Bento XVI tinha muitos inimigos, inclusive dentro da Igreja. Antes de tudo, a sua eleição foi obstaculizada pelo denominado “grupo” de St. Gallen. Os eclesiásticos de alto nível convidados pelo bispo de St. Gallen, na Suíça (entre os quais os cardeais Martini, Silvestrini, Murphy-O’Connor e Danneels), que queriam a Igreja “aberta” e criticavam a Igreja durante a última fase do pontificado de João Paulo II. O seu alvo foi primeiro que todos o prefeito da Congregação para a Doutrina da Fé, Ratzinger, porque, segundo eles, exercia uma influência centralizadora e conservadora. Como se não bastasse, também na sua pátria muitos católicos e bispos alemães criticavam abertamente o papa («na Alemanha algumas pessoas procuram desde sempre destruir-me», disse o papa emérito num livro-entrevista). Como é que Bento XVI reagia a estes ataques e às críticas?
Permanecia no seu lugar. Não se descompunha. Continuava a sua política eclesiástica. Como soubemos das palavras do próprio cardeal Danneels e da sua biografia autorizada, existia uma rede de cardeais e bispos que se reuniam para promover a sua agenda eclesial. Ratzinger nunca teve uma sua rede/estrutura, nem se preocupou em criar uma. Como teólogo que era, tinha uma clara consciência da obra de Deus na Igreja e no mundo, pelo que estas dinâmicas muito humanas não o interessavam particularmente. Conhecia as críticas, estava consciente dos ataques, e a sua resposta era ao nível das argumentações, e não de uma política de repressão. Ele queria convencer, e não impor. Aqui surge uma característica de Ratzinger, que é ao mesmo tempo a força e a fraqueza do seu pontificado.

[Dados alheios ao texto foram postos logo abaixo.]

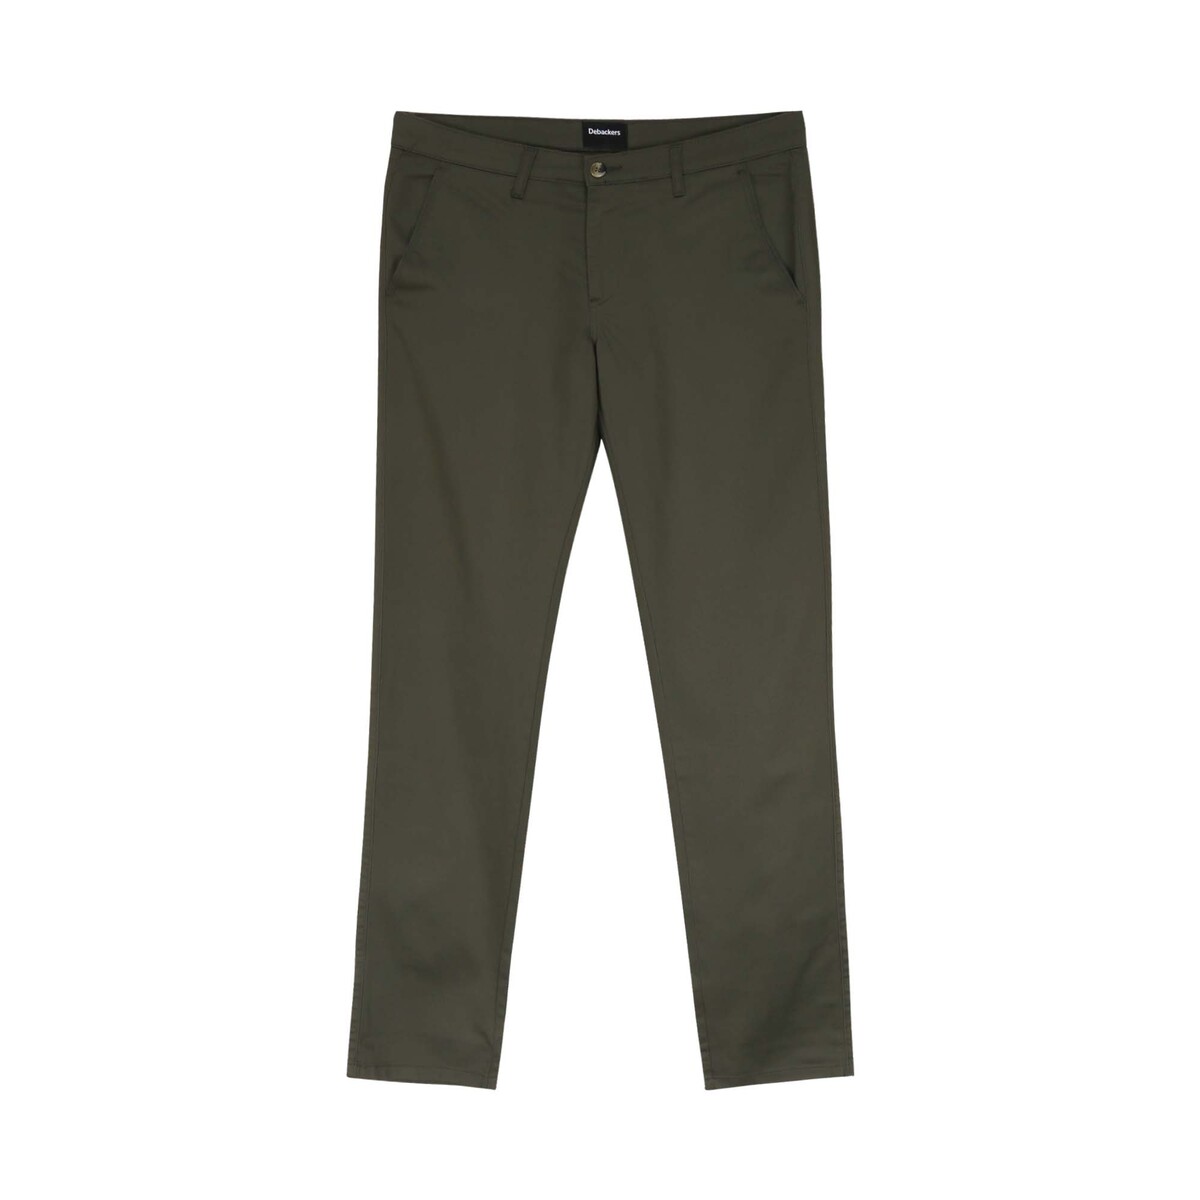 Debackers Men's Casual Trouser Flat Front 20101 Olive 32
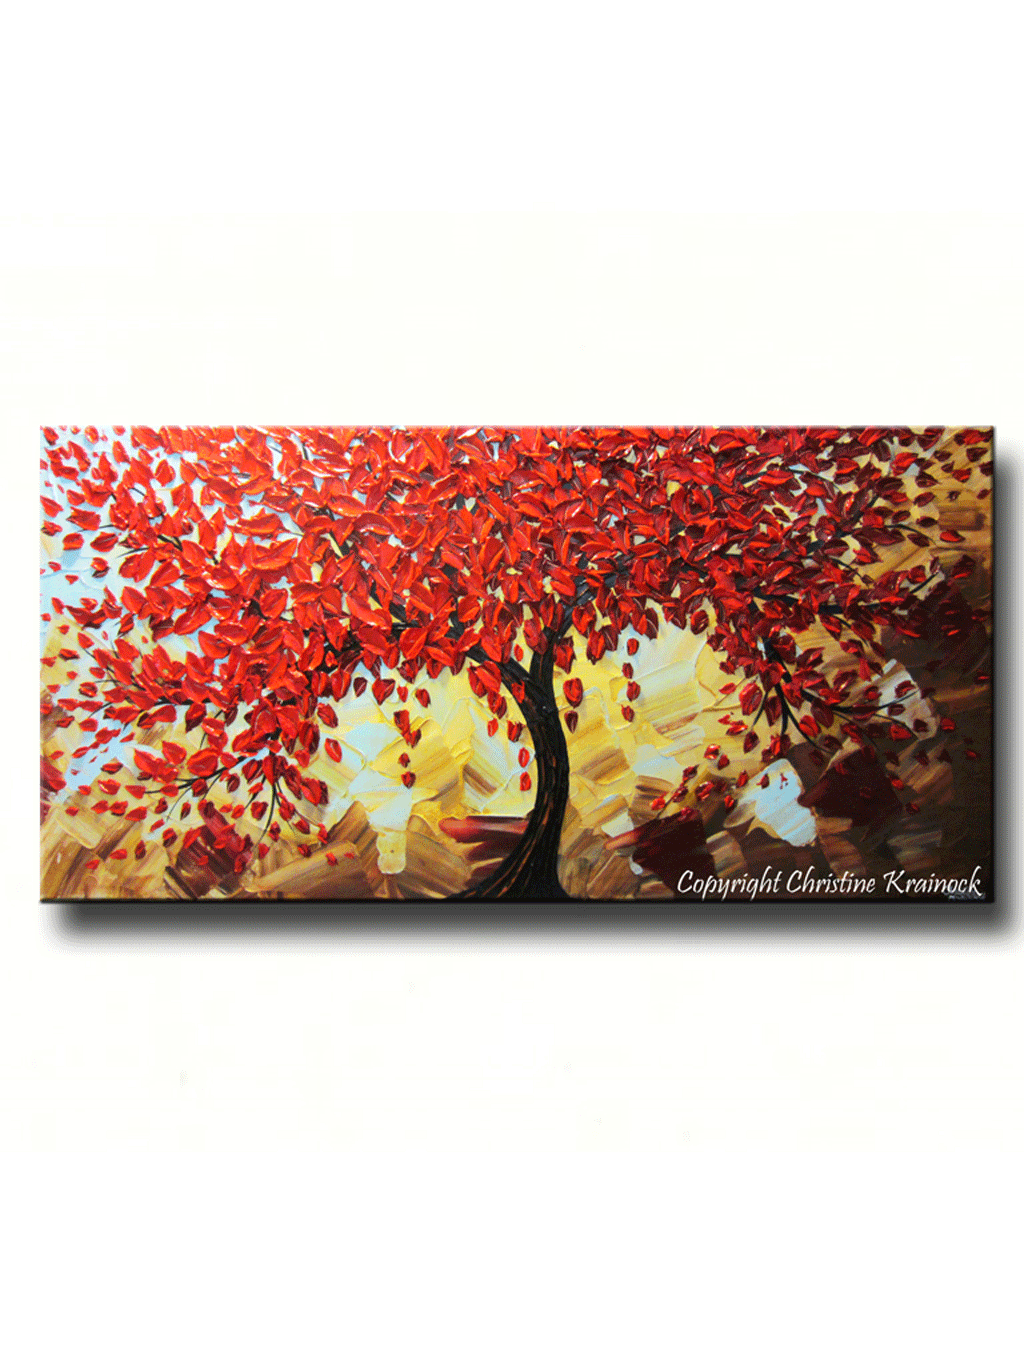 Custom Original Art Abstract Painting Red Tree Of Life Modern Textured Contemporary Art By Christine

O papa que muitas vezes era apresentado como “conservador” fez um gesto “revolucionário”: a renúncia ao pontificado. D. Georg Gänswein, ao comentar essa renúncia, afirmou: «A partir da eleição de Francisco, a 13 de março de 2013, não há dois papas, mas de facto um ministério alargado – com um membro ativo e um outro membro contemplativo». Como interpreta estas palavras do secretário do papa emérito?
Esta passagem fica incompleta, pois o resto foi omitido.